**What this task involves**.
Every record, from the first to the last, is to be printed again exactly.

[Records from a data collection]
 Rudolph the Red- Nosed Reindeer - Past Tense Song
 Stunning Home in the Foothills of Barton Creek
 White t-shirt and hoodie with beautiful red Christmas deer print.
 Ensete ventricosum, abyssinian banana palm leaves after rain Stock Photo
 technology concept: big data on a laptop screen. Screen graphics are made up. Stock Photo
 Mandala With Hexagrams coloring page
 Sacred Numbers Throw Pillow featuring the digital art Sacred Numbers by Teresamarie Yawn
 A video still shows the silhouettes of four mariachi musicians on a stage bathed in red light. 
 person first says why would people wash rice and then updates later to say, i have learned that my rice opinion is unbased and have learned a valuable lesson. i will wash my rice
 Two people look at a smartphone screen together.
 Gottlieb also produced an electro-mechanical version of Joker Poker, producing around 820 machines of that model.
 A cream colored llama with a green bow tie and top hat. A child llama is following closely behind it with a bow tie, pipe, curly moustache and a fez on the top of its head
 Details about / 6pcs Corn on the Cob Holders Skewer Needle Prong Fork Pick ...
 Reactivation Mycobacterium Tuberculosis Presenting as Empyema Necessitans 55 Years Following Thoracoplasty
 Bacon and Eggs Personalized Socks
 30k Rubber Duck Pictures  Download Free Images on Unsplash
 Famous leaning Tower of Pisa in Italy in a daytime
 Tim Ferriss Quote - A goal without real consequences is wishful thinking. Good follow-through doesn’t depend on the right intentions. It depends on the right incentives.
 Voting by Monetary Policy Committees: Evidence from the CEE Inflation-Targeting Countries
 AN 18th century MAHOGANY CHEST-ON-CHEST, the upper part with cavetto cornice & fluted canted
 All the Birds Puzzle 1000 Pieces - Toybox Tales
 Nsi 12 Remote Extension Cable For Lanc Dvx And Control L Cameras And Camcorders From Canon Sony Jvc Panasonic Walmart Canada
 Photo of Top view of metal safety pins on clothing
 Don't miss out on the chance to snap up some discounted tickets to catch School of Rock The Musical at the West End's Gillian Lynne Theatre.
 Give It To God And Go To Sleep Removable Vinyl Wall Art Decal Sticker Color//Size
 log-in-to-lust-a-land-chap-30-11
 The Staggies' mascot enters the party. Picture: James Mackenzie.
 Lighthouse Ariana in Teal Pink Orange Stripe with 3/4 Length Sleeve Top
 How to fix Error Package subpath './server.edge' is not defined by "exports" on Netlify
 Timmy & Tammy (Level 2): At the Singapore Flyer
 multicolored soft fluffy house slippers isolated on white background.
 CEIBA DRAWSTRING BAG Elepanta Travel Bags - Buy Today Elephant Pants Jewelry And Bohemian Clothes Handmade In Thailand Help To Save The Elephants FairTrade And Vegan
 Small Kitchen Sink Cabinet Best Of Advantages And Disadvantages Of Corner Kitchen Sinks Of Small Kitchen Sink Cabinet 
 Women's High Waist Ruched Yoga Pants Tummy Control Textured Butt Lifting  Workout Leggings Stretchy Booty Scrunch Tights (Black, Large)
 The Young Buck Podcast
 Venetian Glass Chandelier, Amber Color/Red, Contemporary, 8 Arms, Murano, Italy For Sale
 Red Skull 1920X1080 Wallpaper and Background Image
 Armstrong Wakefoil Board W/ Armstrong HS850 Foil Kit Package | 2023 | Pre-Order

**Exercise response**.
 Rudolph the Red- Nosed Reindeer - Past Tense Song
 Stunning Home in the Foothills of Barton Creek
 White t-shirt and hoodie with beautiful red Christmas deer print.
 Ensete ventricosum, abyssinian banana palm leaves after rain Stock Photo
 technology concept: big data on a laptop screen. Screen graphics are made up. Stock Photo
 Mandala With Hexagrams coloring page
 Sacred Numbers Throw Pillow featuring the digital art Sacred Numbers by Teresamarie Yawn
 A video still shows the silhouettes of four mariachi musicians on a stage bathed in red light. 
 person first says why would people wash rice and then updates later to say, i have learned that my rice opinion is unbased and have learned a valuable lesson. i will wash my rice
 Two people look at a smartphone screen together.
 Gottlieb also produced an electro-mechanical version of Joker Poker, producing around 820 machines of that model.
 A cream colored llama with a green bow tie and top hat. A child llama is following closely behind it with a bow tie, pipe, curly moustache and a fez on the top of its head
 Details about / 6pcs Corn on the Cob Holders Skewer Needle Prong Fork Pick ...
 Reactivation Mycobacterium Tuberculosis Presenting as Empyema Necessitans 55 Years Following Thoracoplasty
 Bacon and Eggs Personalized Socks
 30k Rubber Duck Pictures  Download Free Images on Unsplash
 Famous leaning Tower of Pisa in Italy in a daytime
 Tim Ferriss Quote - A goal without real consequences is wishful thinking. Good follow-through doesn’t depend on the right intentions. It depends on the right incentives.
 Voting by Monetary Policy Committees: Evidence from the CEE Inflation-Targeting Countries
 AN 18th century MAHOGANY CHEST-ON-CHEST, the upper part with cavetto cornice & fluted canted
 All the Birds Puzzle 1000 Pieces - Toybox Tales
 Nsi 12 Remote Extension Cable For Lanc Dvx And Control L Cameras And Camcorders From Canon Sony Jvc Panasonic Walmart Canada
 Photo of Top view of metal safety pins on clothing
 Don't miss out on the chance to snap up some discounted tickets to catch School of Rock The Musical at the West End's Gillian Lynne Theatre.
 Give It To God And Go To Sleep Removable Vinyl Wall Art Decal Sticker Color//Size
 log-in-to-lust-a-land-chap-30-11
 The Staggies' mascot enters the party. Picture: James Mackenzie.
 Lighthouse Ariana in Teal Pink Orange Stripe with 3/4 Length Sleeve Top
 How to fix Error Package subpath './server.edge' is not defined by "exports" on Netlify
 Timmy & Tammy (Level 2): At the Singapore Flyer
 multicolored soft fluffy house slippers isolated on white background.
 CEIBA DRAWSTRING BAG Elepanta Travel Bags - Buy Today Elephant Pants Jewelry And Bohemian Clothes Handmade In Thailand Help To Save The Elephants FairTrade And Vegan
 Small Kitchen Sink Cabinet Best Of Advantages And Disadvantages Of Corner Kitchen Sinks Of Small Kitchen Sink Cabinet 
 Women's High Waist Ruched Yoga Pants Tummy Control Textured Butt Lifting  Workout Leggings Stretchy Booty Scrunch Tights (Black, Large)
 The Young Buck Podcast
 Venetian Glass Chandelier, Amber Color/Red, Contemporary, 8 Arms, Murano, Italy For Sale
 Red Skull 1920X1080 Wallpaper and Background Image
 Armstrong Wakefoil Board W/ Armstrong HS850 Foil Kit Package | 2023 | Pre-Order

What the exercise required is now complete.